→ WHAT THE TASK REQUIRES
Only the lines from the one containing "Howard Street, Sheffield." to the end of the material belong in your answer. Please copy them word for word.

***** RECORDS FOR PROCESSING

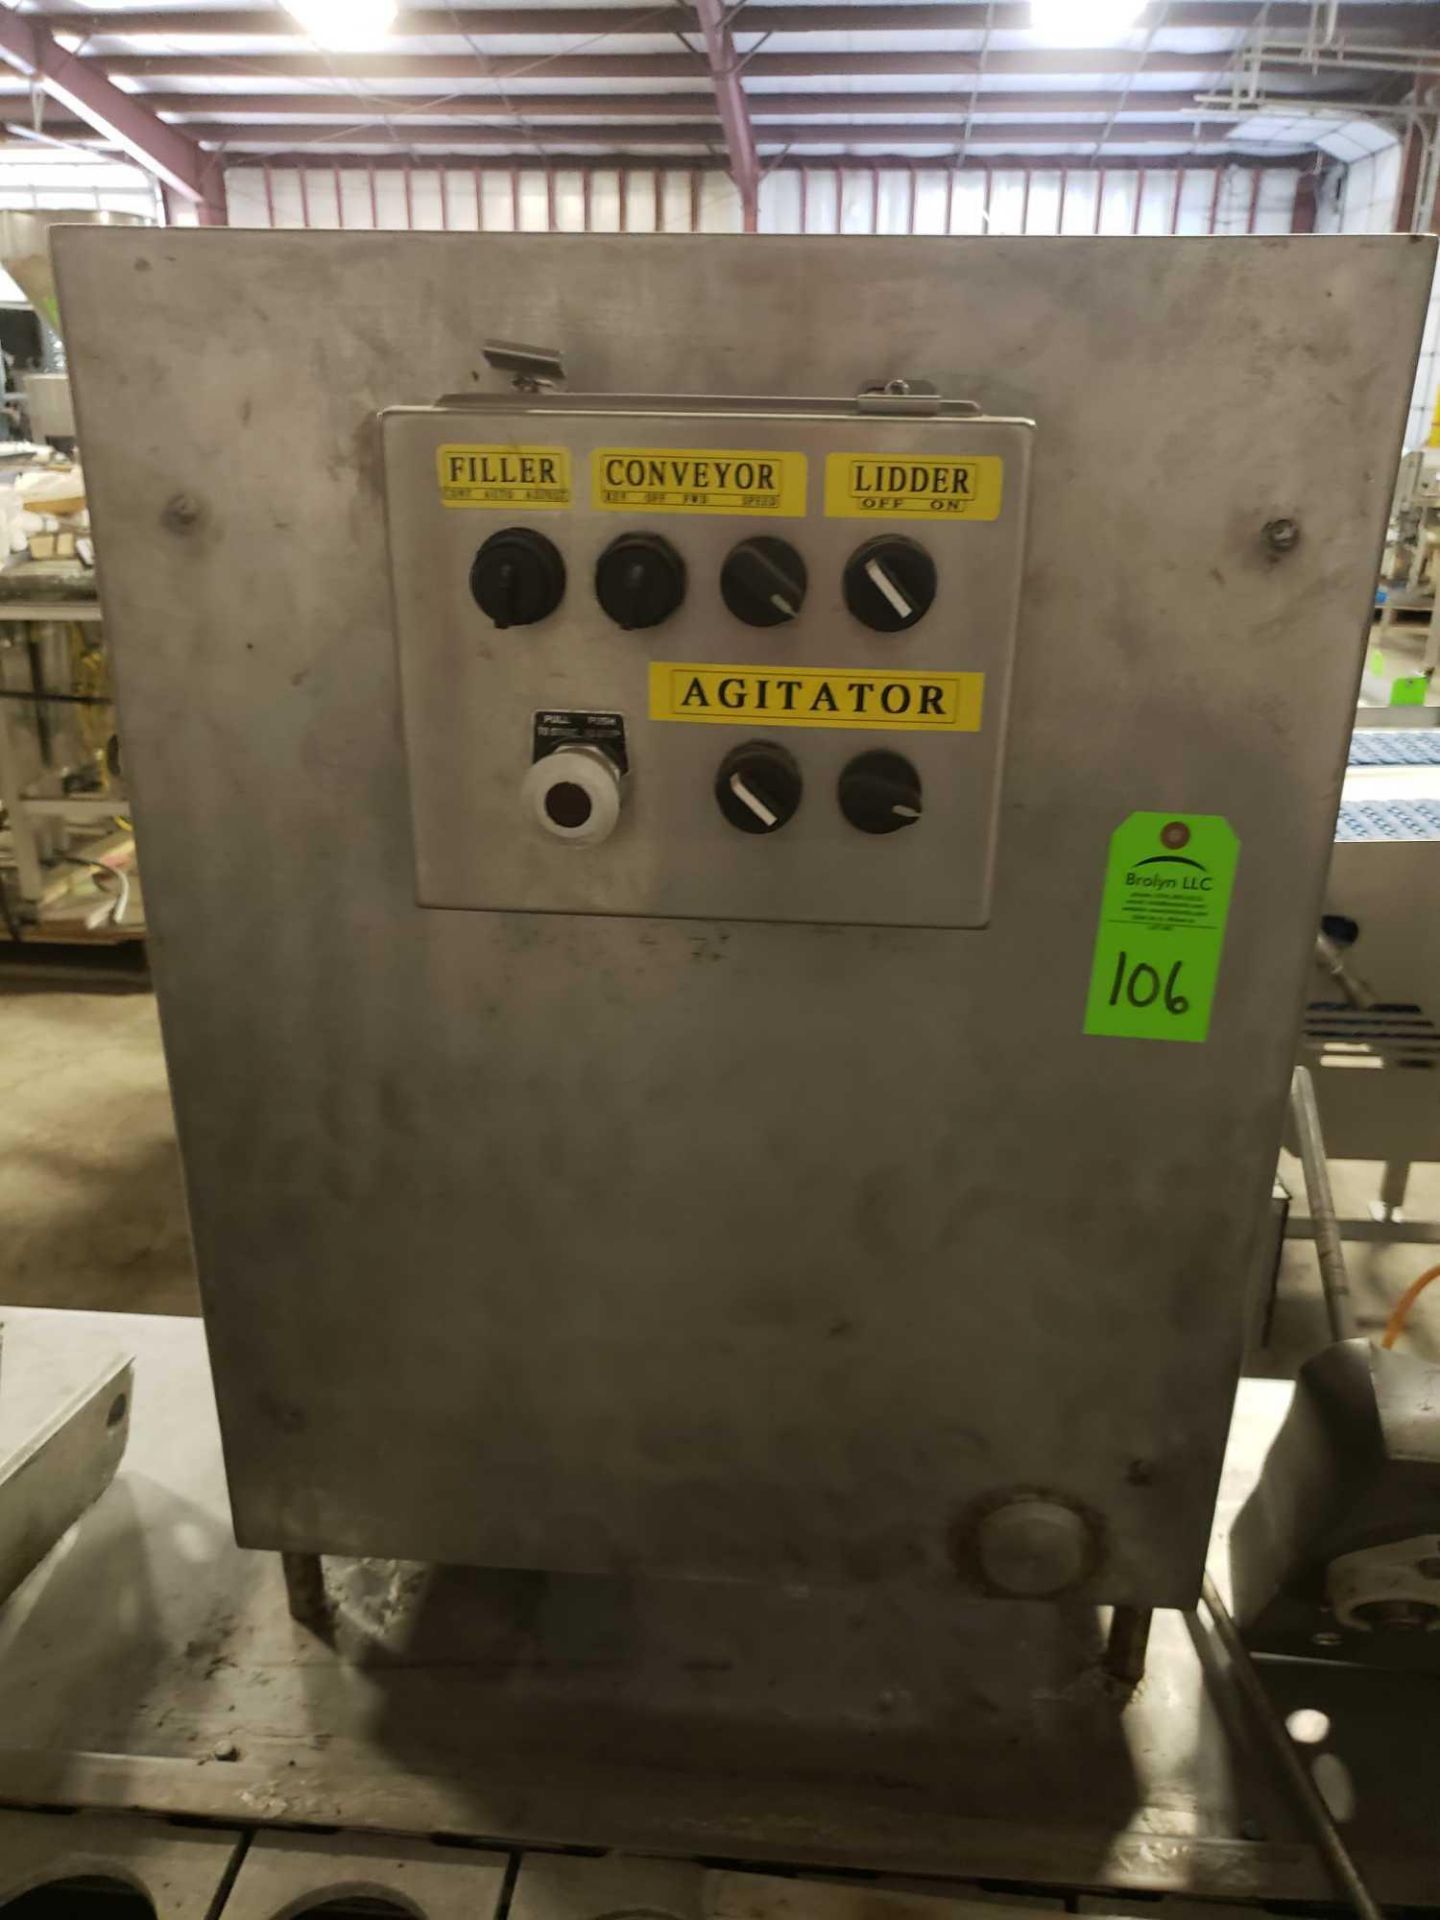 Stainless cup sealing machine. No brand markings. Allen Bradley electrical controls. - Image 2 of 9
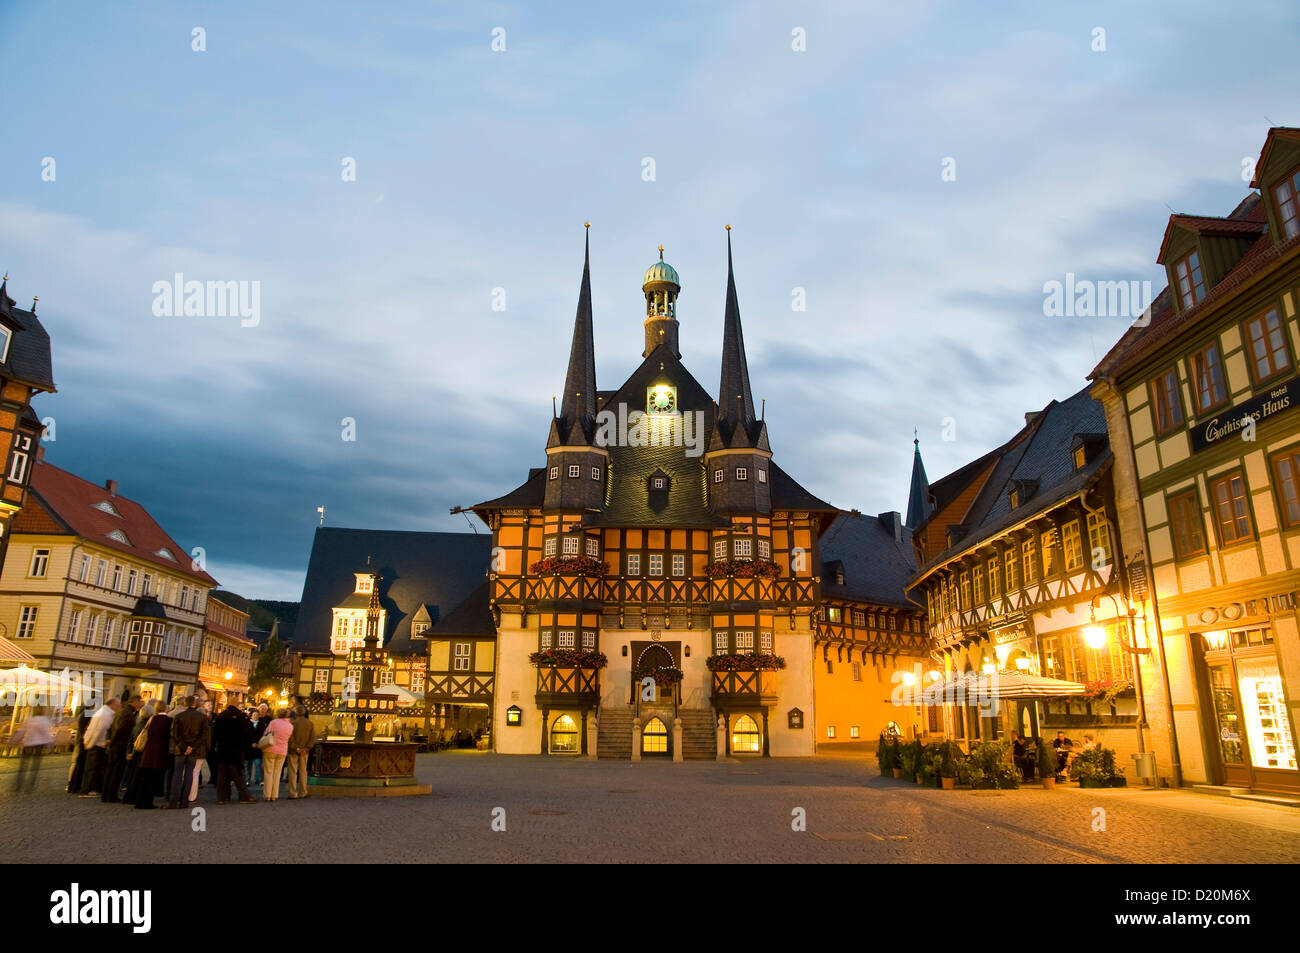 Market square and guild hall at dusk, Wernigerode, Harz, Saxony-Anhalt, Germany Stock Photo
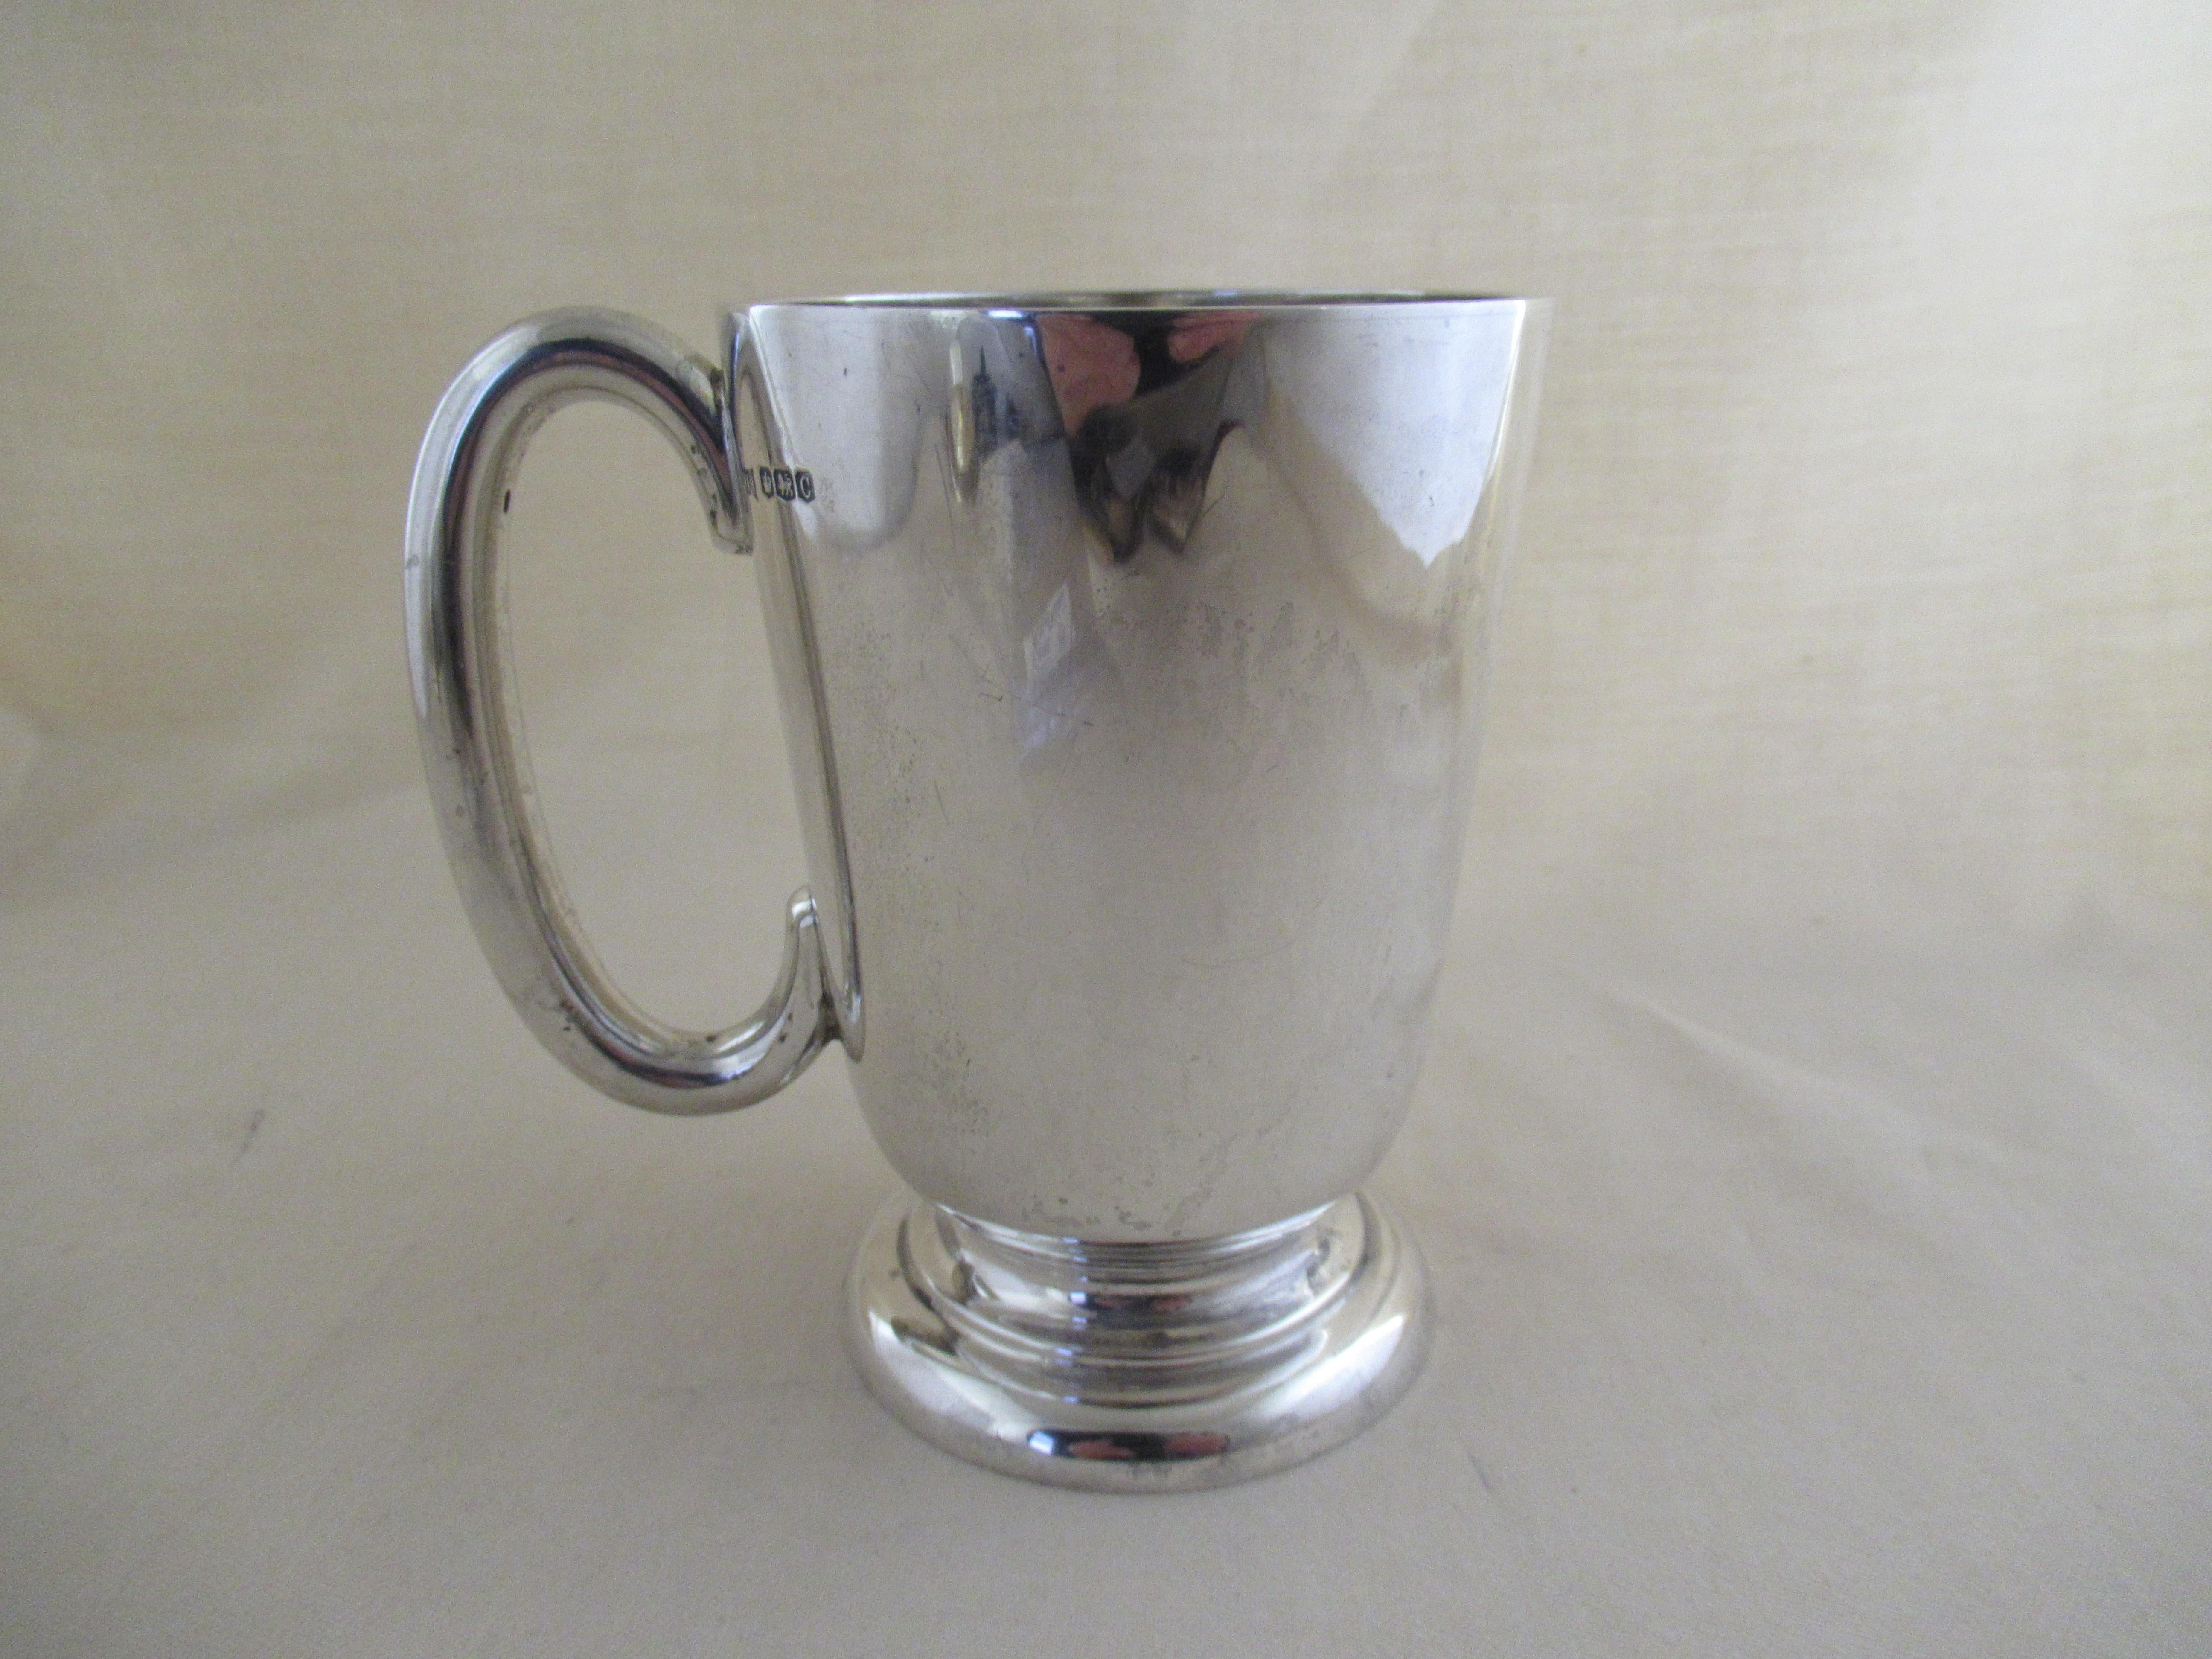 English sterling silver half pint mug made in 1945 - 77 years old
Full English hallmark for Sheffield 1945.
With the maker's mark - W & H, for Walker & Hall, Electro Works,
 Howard Street, Sheffield.

A delightful mug of traditional, tapering

**********

→ ANSWER SECTION
 Howard Street, Sheffield.

A delightful mug of traditional, tapering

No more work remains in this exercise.